• **EXERCISE GOAL**: From the material below, copy exactly the lines beginning with the one that contains "Result Unisex Work-Guard" and ending with the one that contains "science at our shores - website banner"; the pictures stay out.

• **ENTRIES SUPPLIED**:
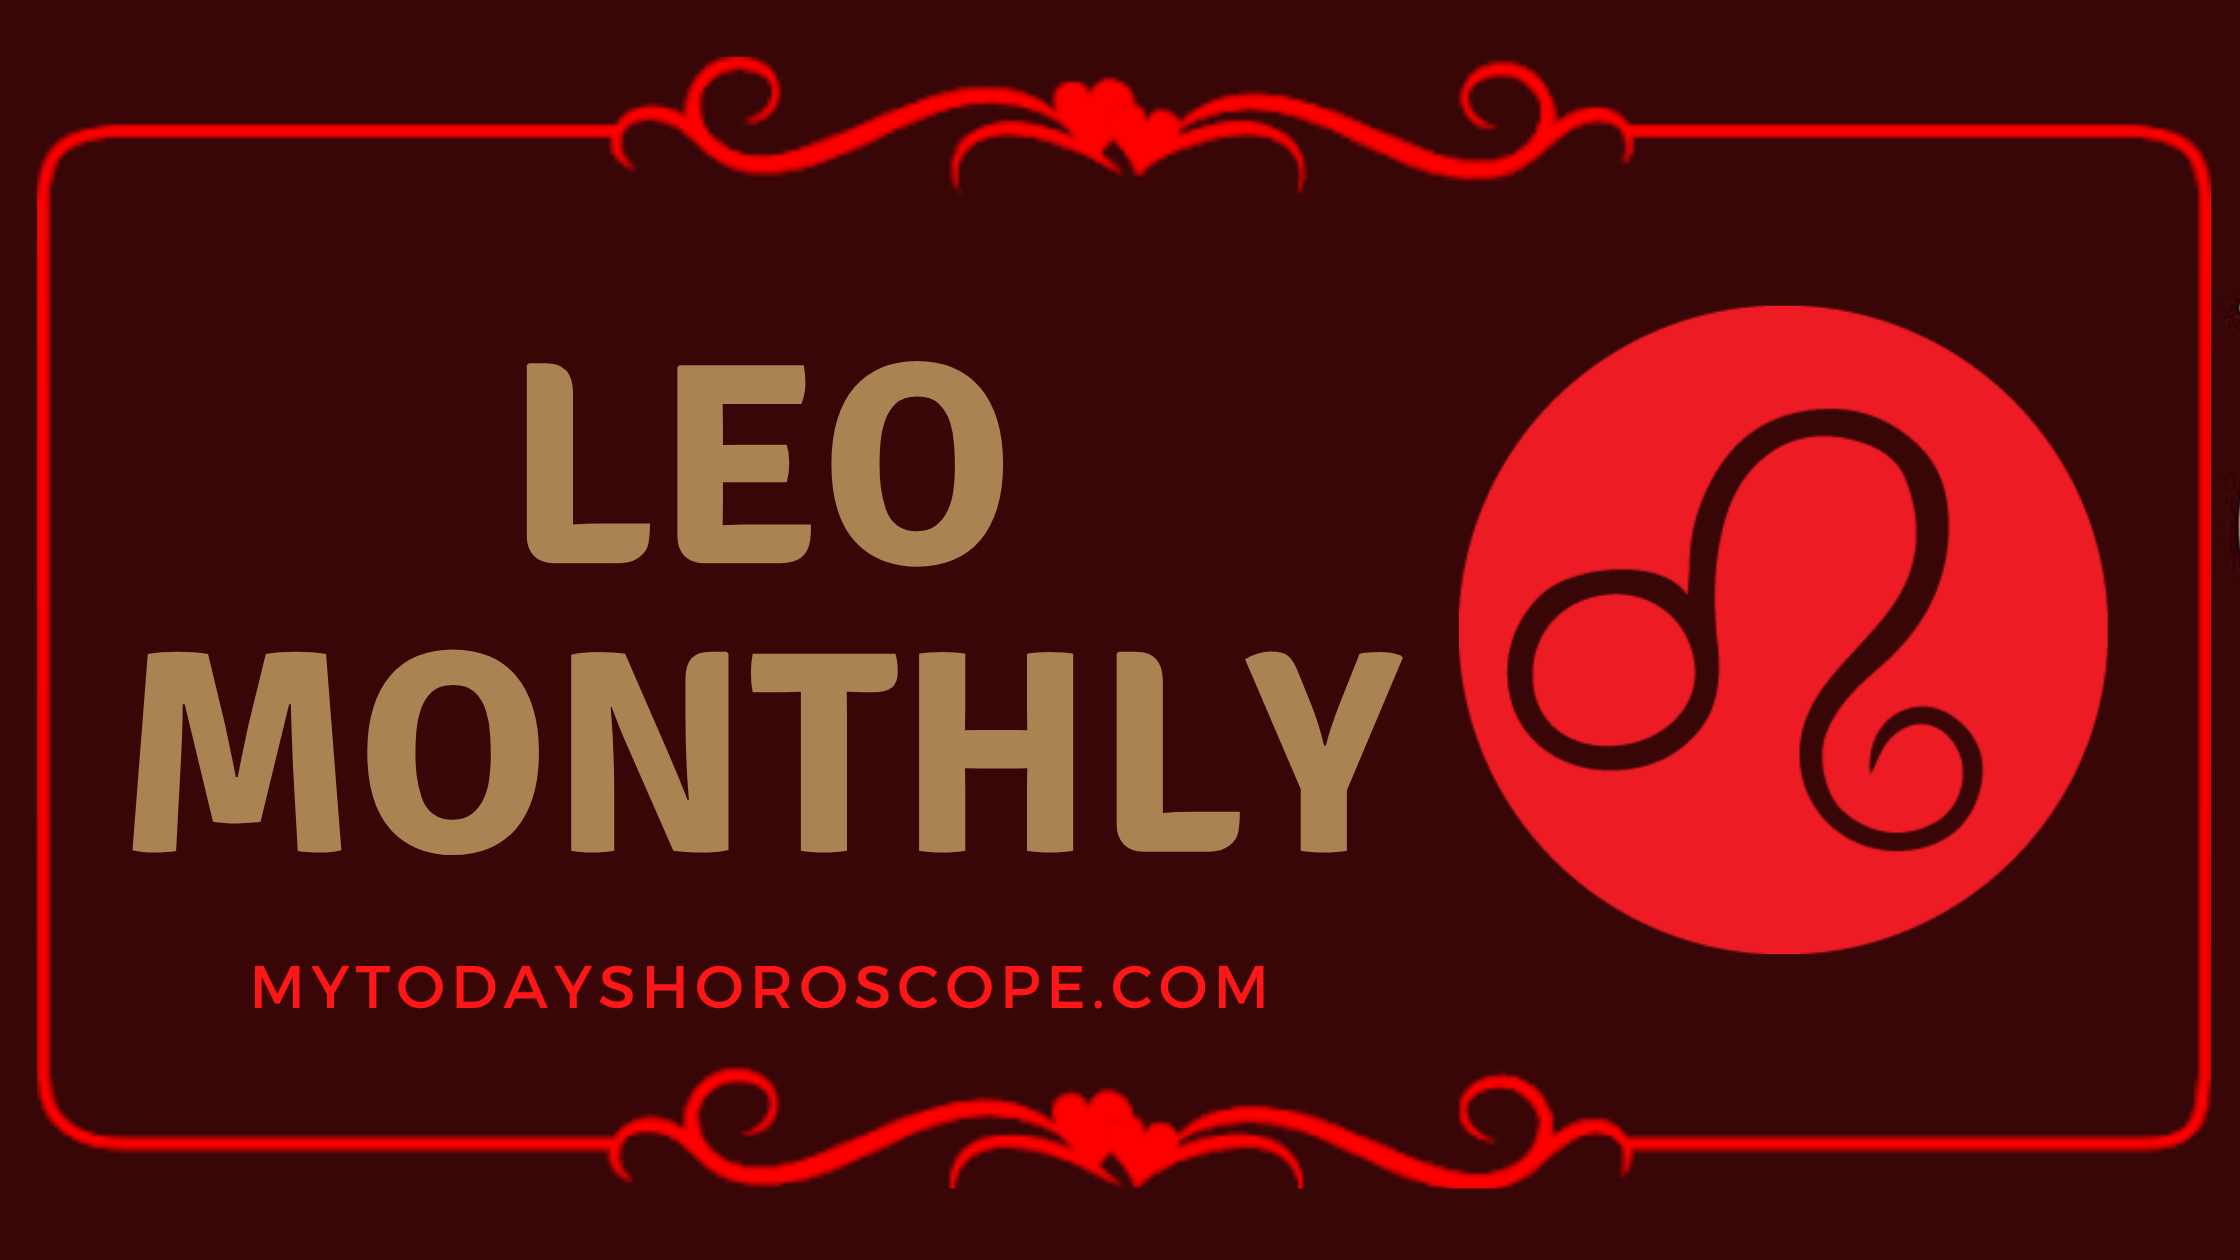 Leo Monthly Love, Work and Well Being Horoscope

--

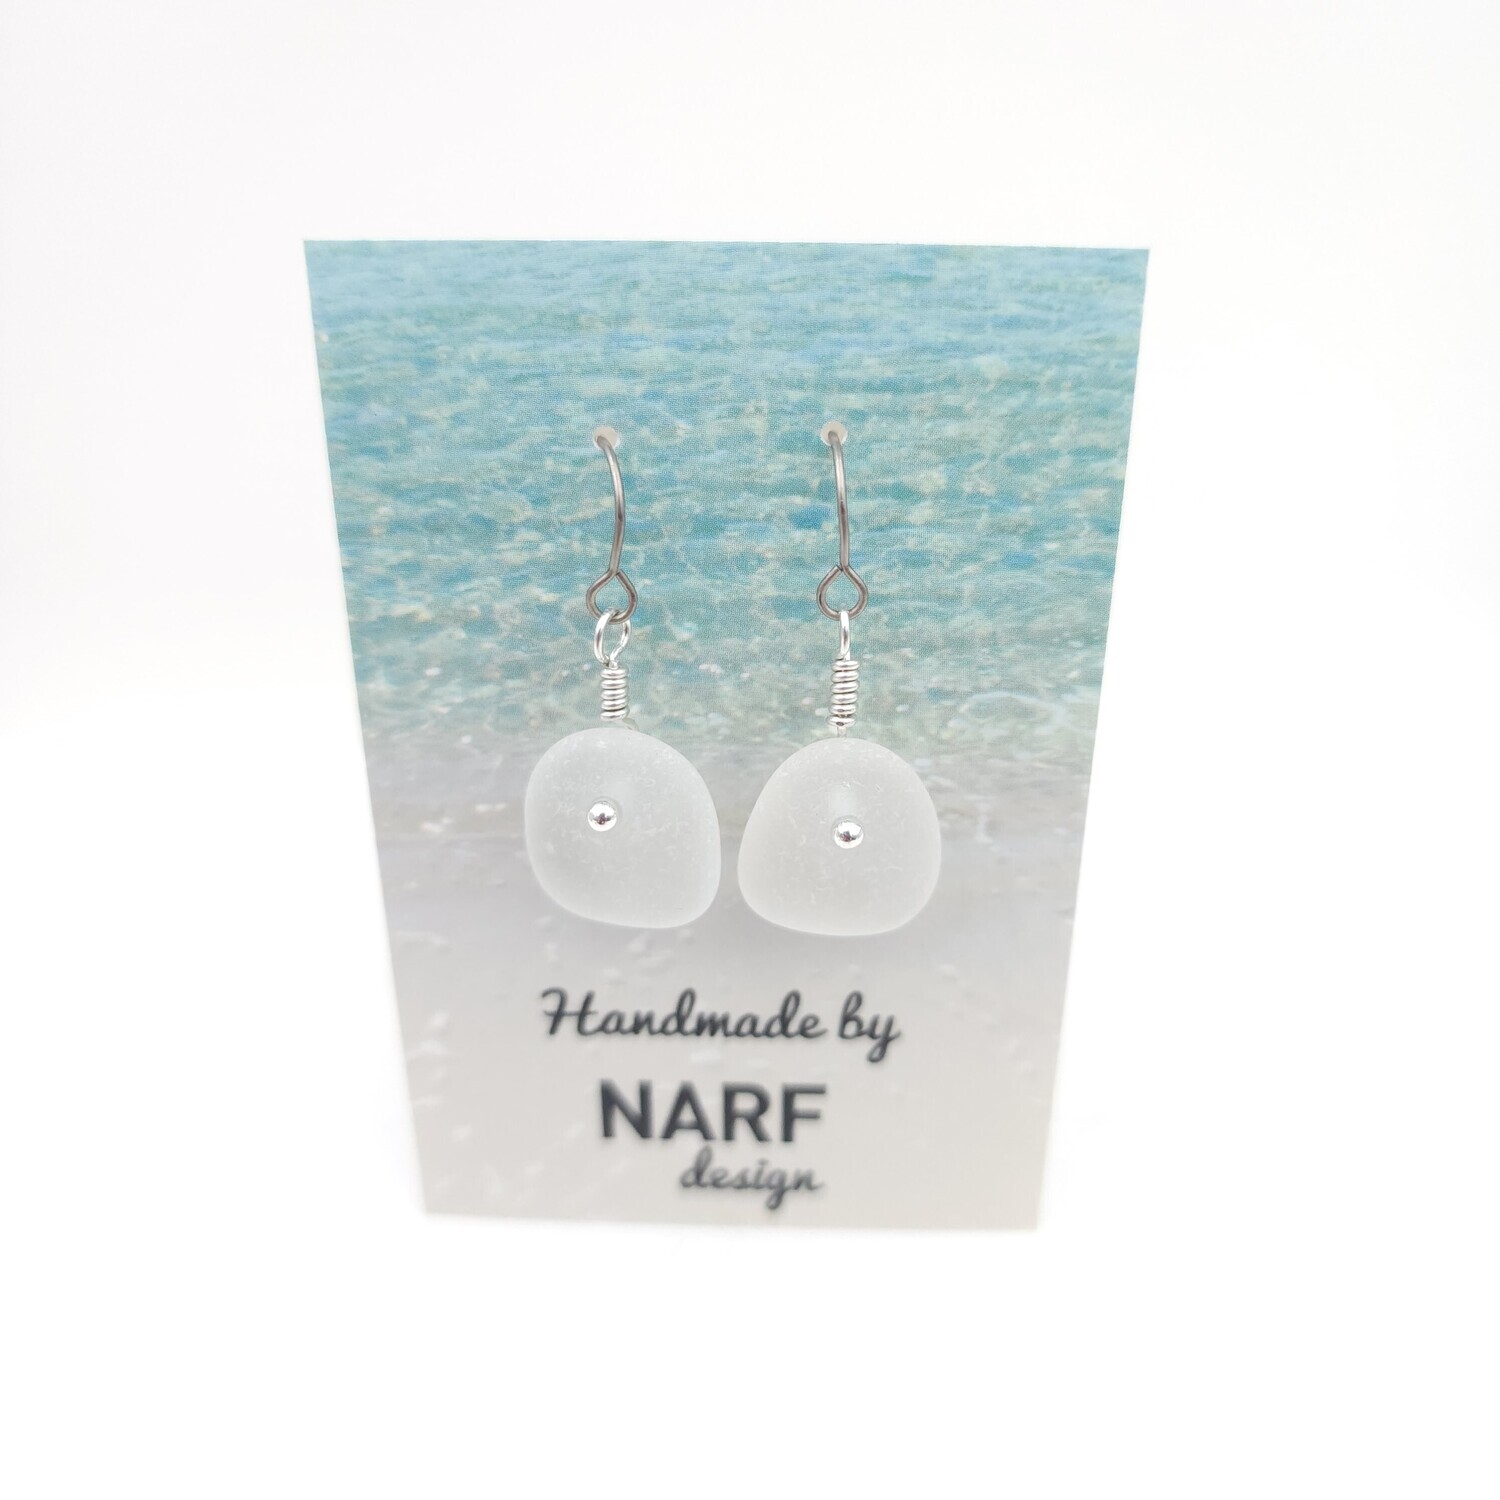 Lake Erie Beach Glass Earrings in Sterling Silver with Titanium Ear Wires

--

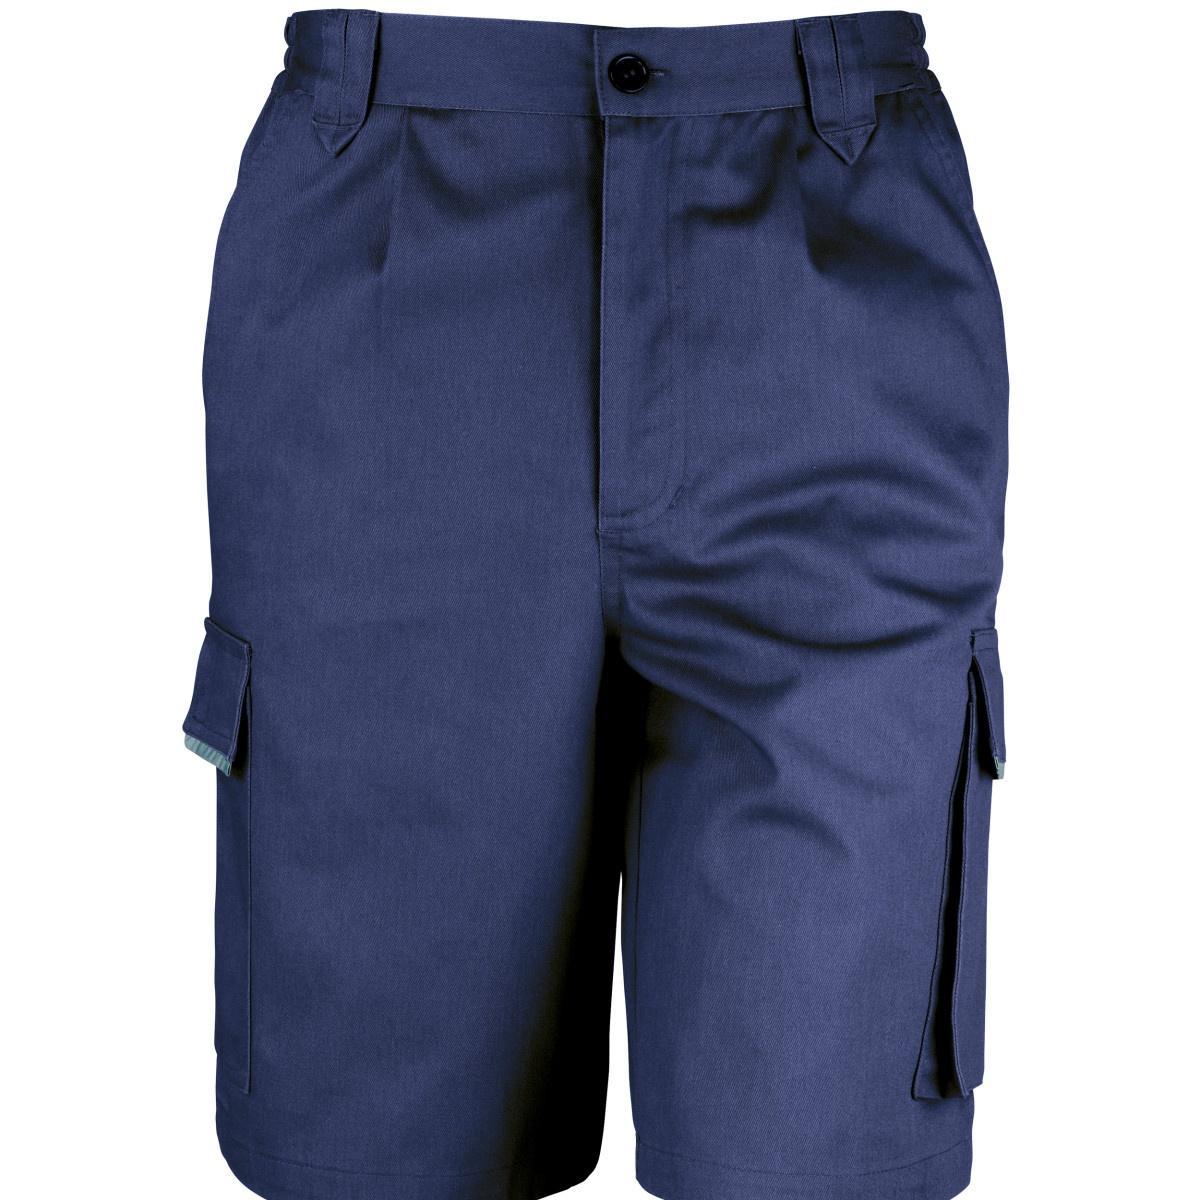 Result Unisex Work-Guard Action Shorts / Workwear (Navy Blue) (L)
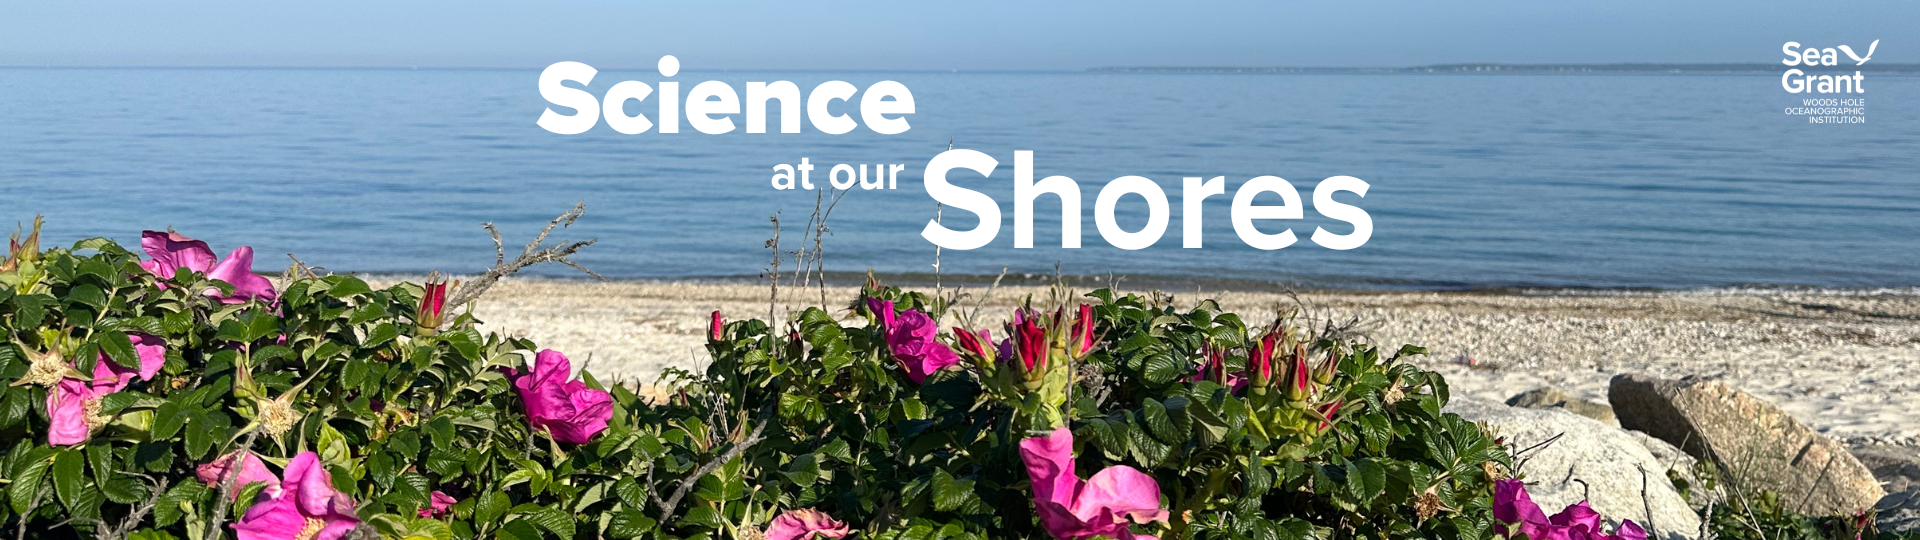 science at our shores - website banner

• **YOUR SOLUTION**:
 Result Unisex Work-Guard Action Shorts / Workwear (Navy Blue) (L)
 science at our shores - website banner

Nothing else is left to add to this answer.